Thursday, June 4, 2026

Guest Post: Red diaper baby

"Teach your children wellTheir father's hell did slowly go byFeed them on your dreamsThe one they pick's the one you'll know by"
     Graham Nash, "Teach Your Children," 1968

While I am at my college's 55th reunion of the class of 1971, I am presenting guest posts by classmates. I wanted time to revisit old places where I formed permanent memories. I want go back to Emerson Hall, where presidential scholar Richard Neustadt told us in 1967 that JFK's handling of the Cuban Missile Crisis nearly brought a nuclear war in 1962, and that LBJ was that very week deciding to escalate the war in Vietnam. 

Classmate Rod Kessler's guest post is a reflection on the politics and values he learned from his father. I don't have a photo of the dinner-table conversations my family had about school budget elections. I do have this photo of my father, teaching my brother and me how to grow melons.


Rod Kessler told me he enjoyed his 31-year career in the English Department of Salem State University, where he taught writing classes and workshops, as well as courses on the history of the English language and on grammar and style. While his book Off in Zimbabwe won the Associated Writing Program's annual award for a short story collection back in 1984, his 600-plus page novel, Edelman, Unsung, was deemed lacking in commercial appeal, and remains unpublished. His most recent work is Self-Portrait with Trees, a book of poems. 

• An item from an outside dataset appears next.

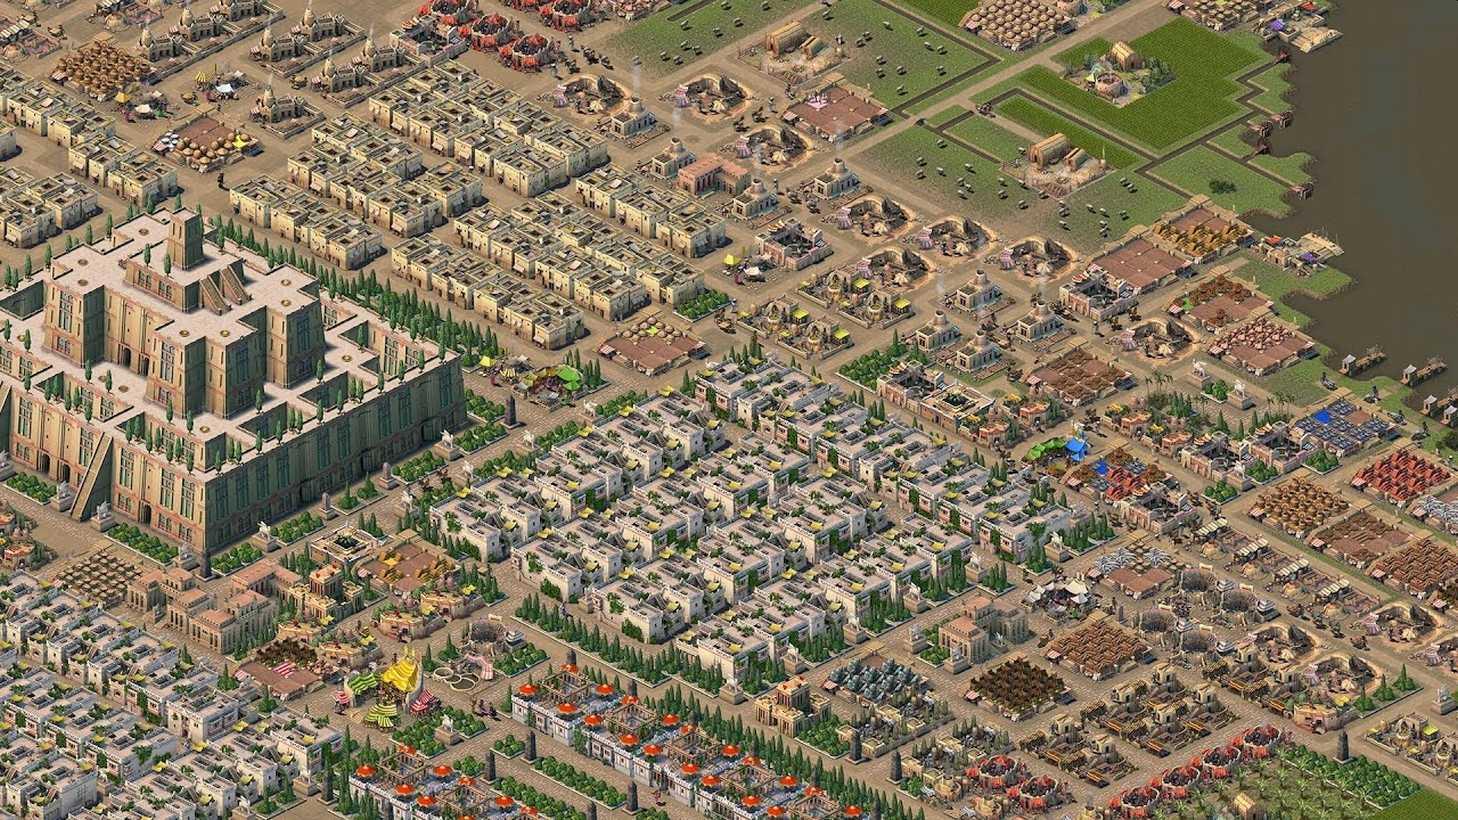 City Builder Simulator Nebuchadnezzar Launches On PC This February

Irving Kessler, 86. Rod Kessler, 60

Irving Kessler, 92. Rod Kessler, 66

Guest Post by Rod Kessler
Thinking about my thinking -- and yours.
Imagine posing this question to a ten-year-old: Suppose a hard-working cab driver has eight children and a hard-working doctor has only two children. Shouldn't the cab driver earn more than the doctor?

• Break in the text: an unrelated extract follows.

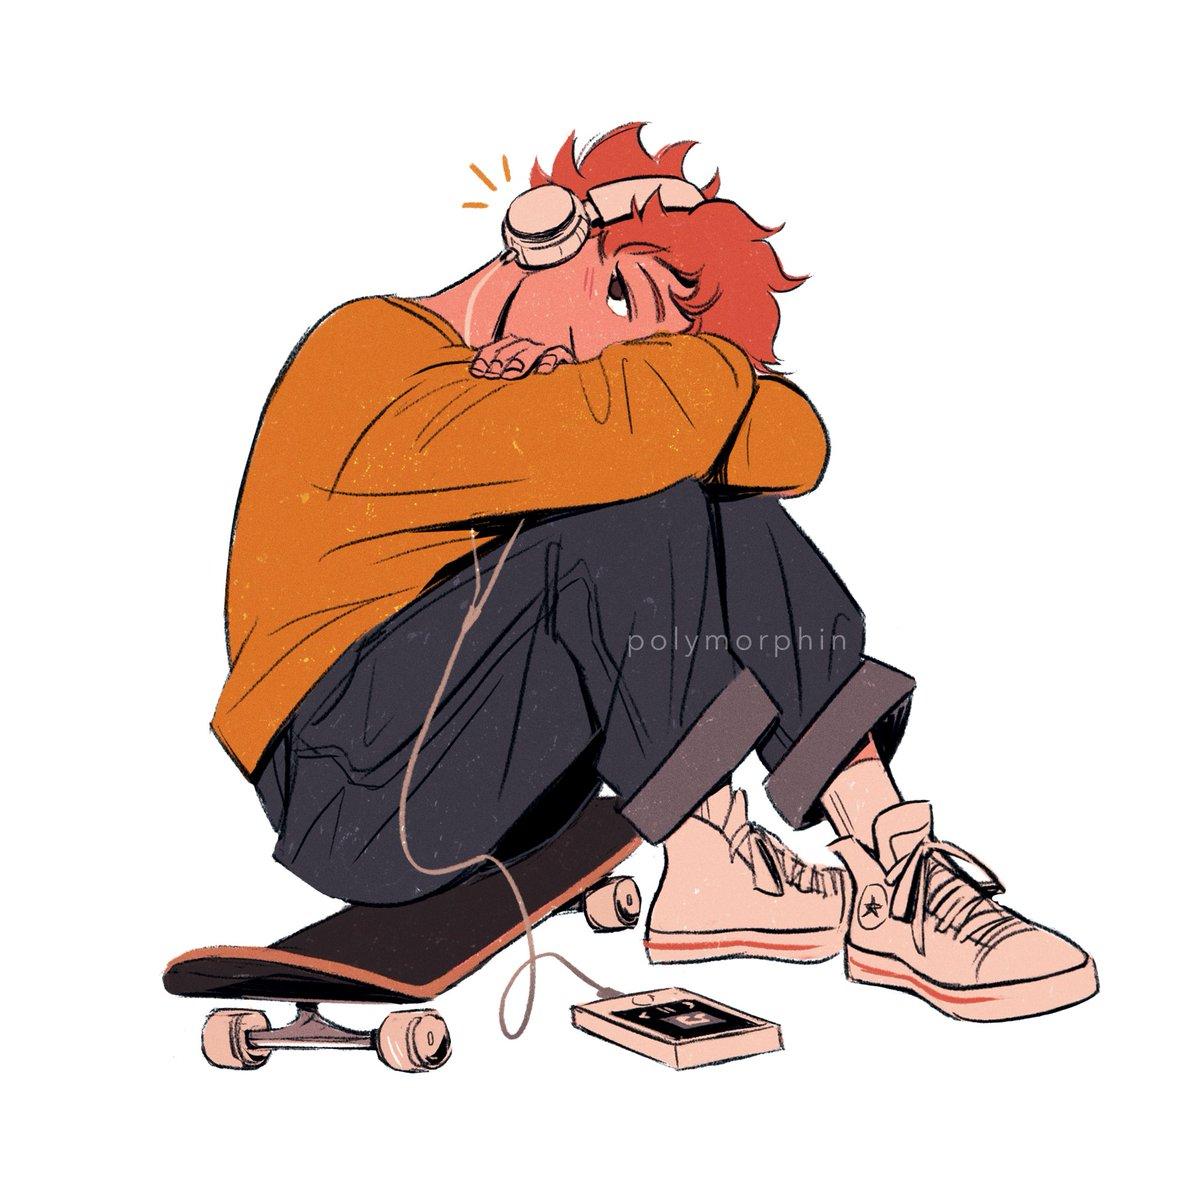 another skateboarder hinata doodle #haikyuu #ハイキュー ✨

My father, a dedicated Communist, didn't hesitate to ask me that. One is never too young, he probably assumed, to hear, "To each according to his need; from each according to his ability" [Note: The cabbie and the doc were both hard-working.] As it happens, it was my big brother who received the brunt of my father's political teaching; unlike him, I didn't read The Communist Manifesto as a sixth grader. I escaped the heavy indoctrination. Lucky me.

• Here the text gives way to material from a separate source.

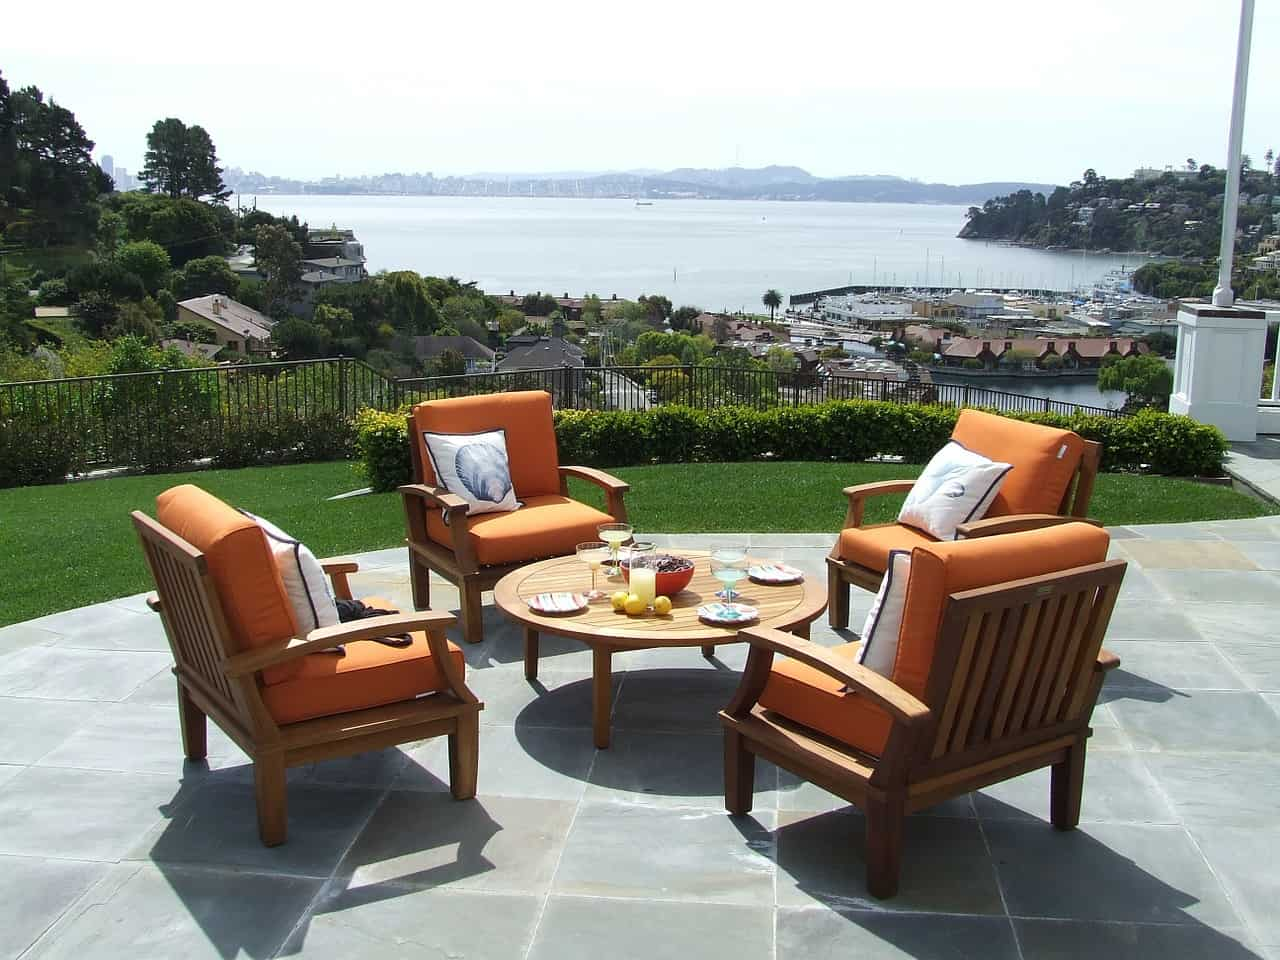 set of patio furniture

Today I'm a liberal—a typical well-educated, white-haired, septuagenarian Massachusetts Trump-hating progressive, but I'm no Communist, no true believer. I vote for Democrats. That said, I haven't escaped parental influence. My parents regarded religion as the opiate of the masses and raised us accordingly. I'm an atheist to this day.

What's on my mind is how we Americans come to the stands we take that define us— but also that divide us. Most obviously, we bear the stamp of our parentage, not that this stamp is necessarily determinative. But if I had been the child of Republican evangelicals, might I be cheering Donald on and hoping to keep mifepristone out of the mail? What proportion of the electorate votes for the same party as Dad? What percentage of Americans prays in the church of Mom (or shares her disdain for praying at all)?

What's maybe more pernicious and pervasive than how our parents voted and prayed are the often-unarticulated cultural messages we absorbed as kids—the taken-for-granted truths that are never put into words. One such message in my back pages is that it's the government's role to provide for all its citizens. The government is like an extended family, and we're all in this together. Just as a good parent will sacrifice and provide for children, so must every good citizen contribute to everyone's welfare.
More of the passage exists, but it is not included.